Qualifying still not ideal
The new two-session Saturday qualifying system has not been met with great approval from the drivers so far, most finding the first session pointless. After general discontent with last year's single qualifying session on Friday and again on ...
The new two-session Saturday qualifying system has not been met with great approval from the drivers so far, most finding the first session pointless. After general discontent with last year's single qualifying session on Friday and again on Saturday, it was decided to put them back-to-back together on Saturdays. After the first race weekend of the year at Melbourne, it seems qualifying still needs change.

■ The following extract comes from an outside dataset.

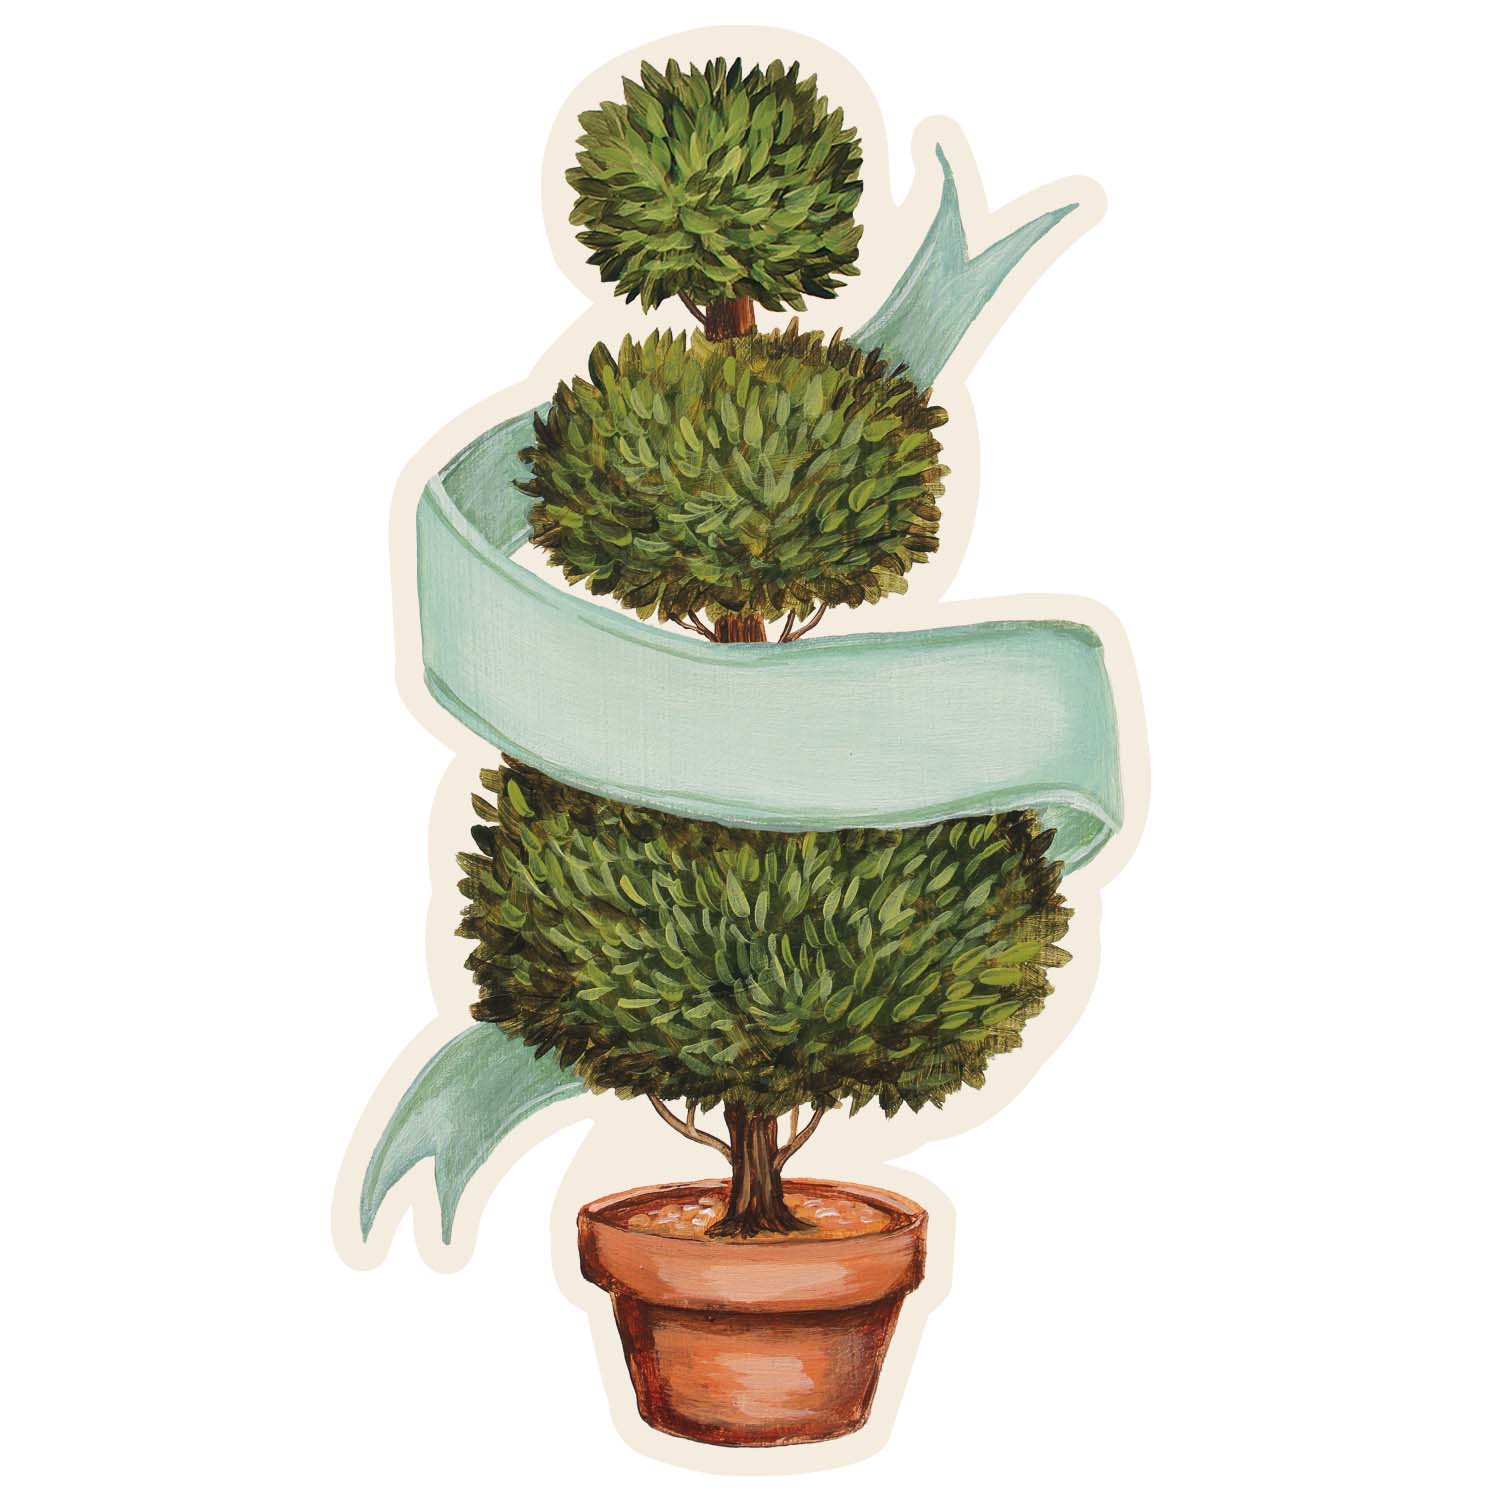 A die-cut illustration of a potted shrub manicured into three balls, with a blank seafoam ribbon twisting around the topiary, creating a space for personalization.
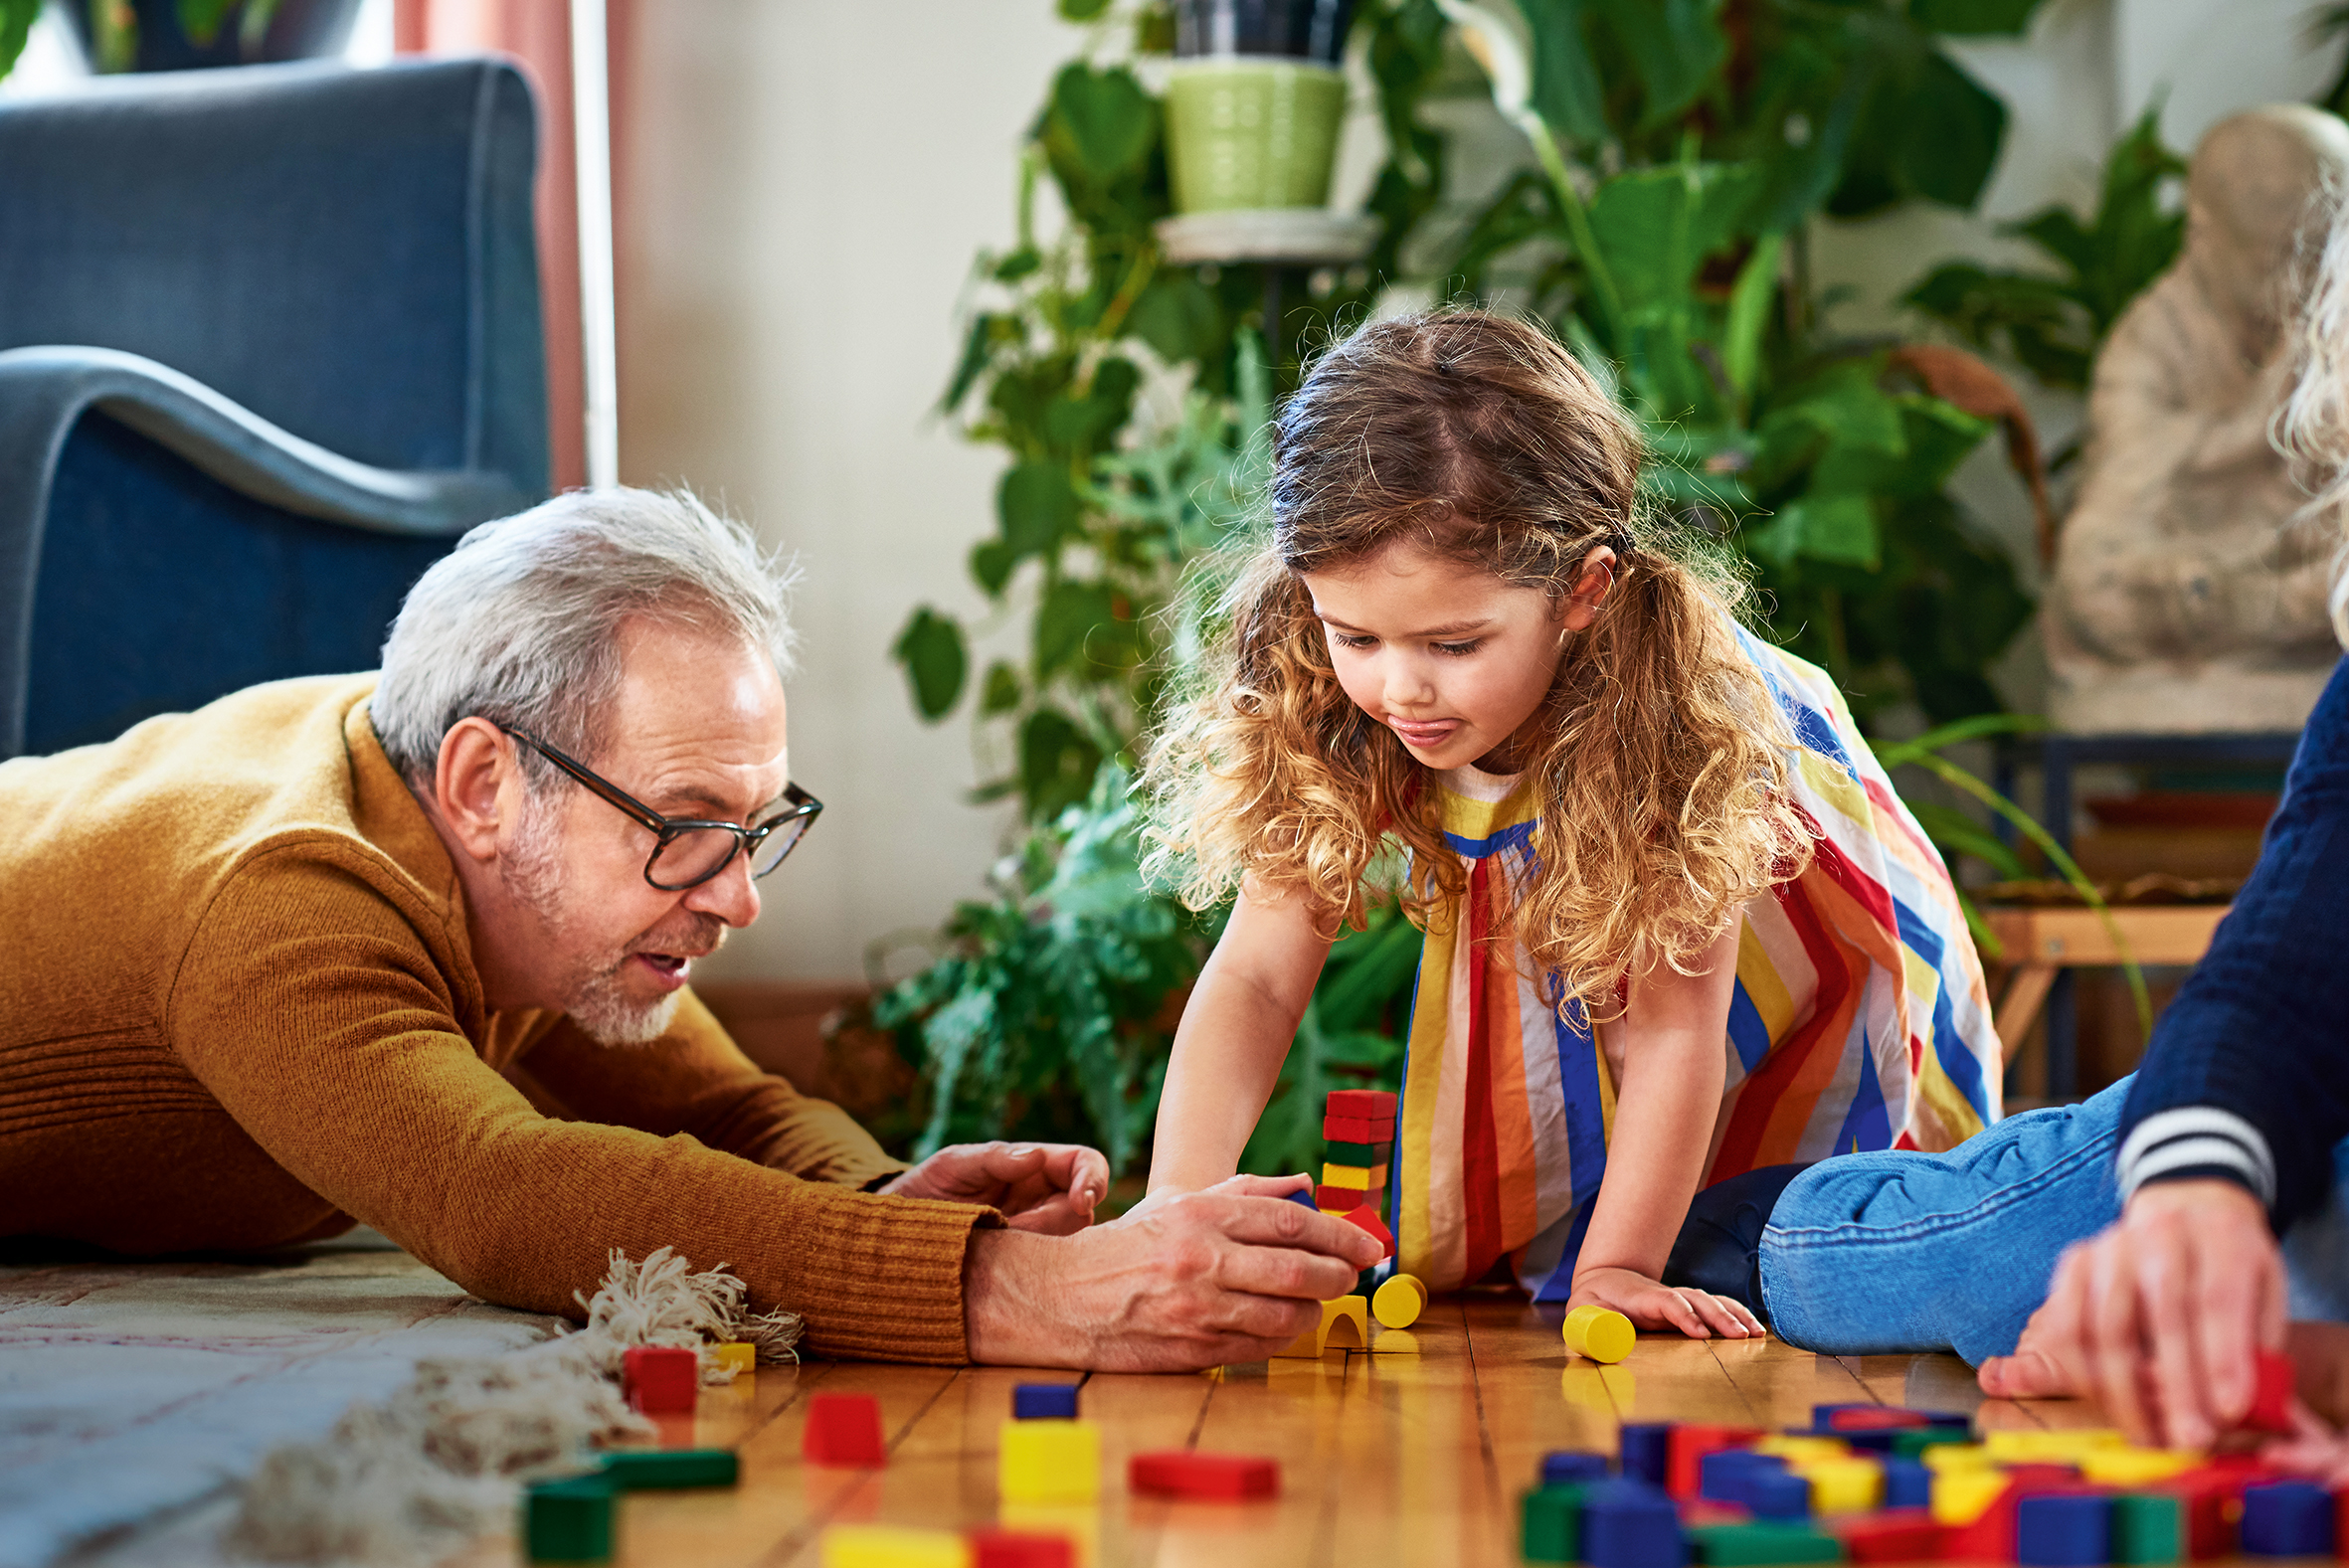 Mature man and young girl playing with wooden blocks on wooden floor, building tower, balance, care, concentration

Bernie Ecclestone wants a return to the original qualifying format of all the cars out on track together: "That would be much more exciting, in my opinion," Ecclestone told the BBC."It wasn't done to make it more exciting," he added, of the new qualifying system. "It was done because the teams with the smaller budgets that weren't up front said they never got seen during qualifying because people concentrated on the fast cars. I said that's complete nonsense because if people don't want to watch, they won't watch."
Australian GP winner Michael Schumacher's opinion was that the media and spectators were the ones wanting the change. "There were complaints two or three years ago and it was changed and then more complaints and it was changed so this is what we have," he said in Saturday's FIA press conference. "And now you complain again. Yes, maybe it is fair. For us, too, it is not that interesting. We just sit around and wait."
There isn't much point to the first session, according to Schumacher's Ferrari teammate Rubens Barrichello: "There was no need to go fast, if you see what I mean. I would rather try hard on Friday, because it is part of the weekend -- (in qualifying one) I didn't feel I had to push."
The one engine per weekend rule is also making drivers more cautious. "I think the only strange thing is the first qualifying because it seems to be that only ten per cent of the people were trying to do a time and the rest were trying to take the car around (safely) for the second one," Barrichello added.
Williams' Juan Pablo Montoya agreed that drivers are not going to push too hard in the first qualifying session. "It is very hard to go out and push in the first session and then if you make a mistake and you shunt the car you are 10 places back and you don't have time to change engines or anything," he commented. "So you are going to see in the first qualifying that people are just cruising around."
Ferrari's one-two qualifying result on Saturday had Ecclestone dismayed: "This is not the sort of day we were expecting or wanted to see," he said. "It's a disaster. Ferrari were not supposed to be going this fast." Schumacher declined to answer when asked his opinion of Ecclestone's comment.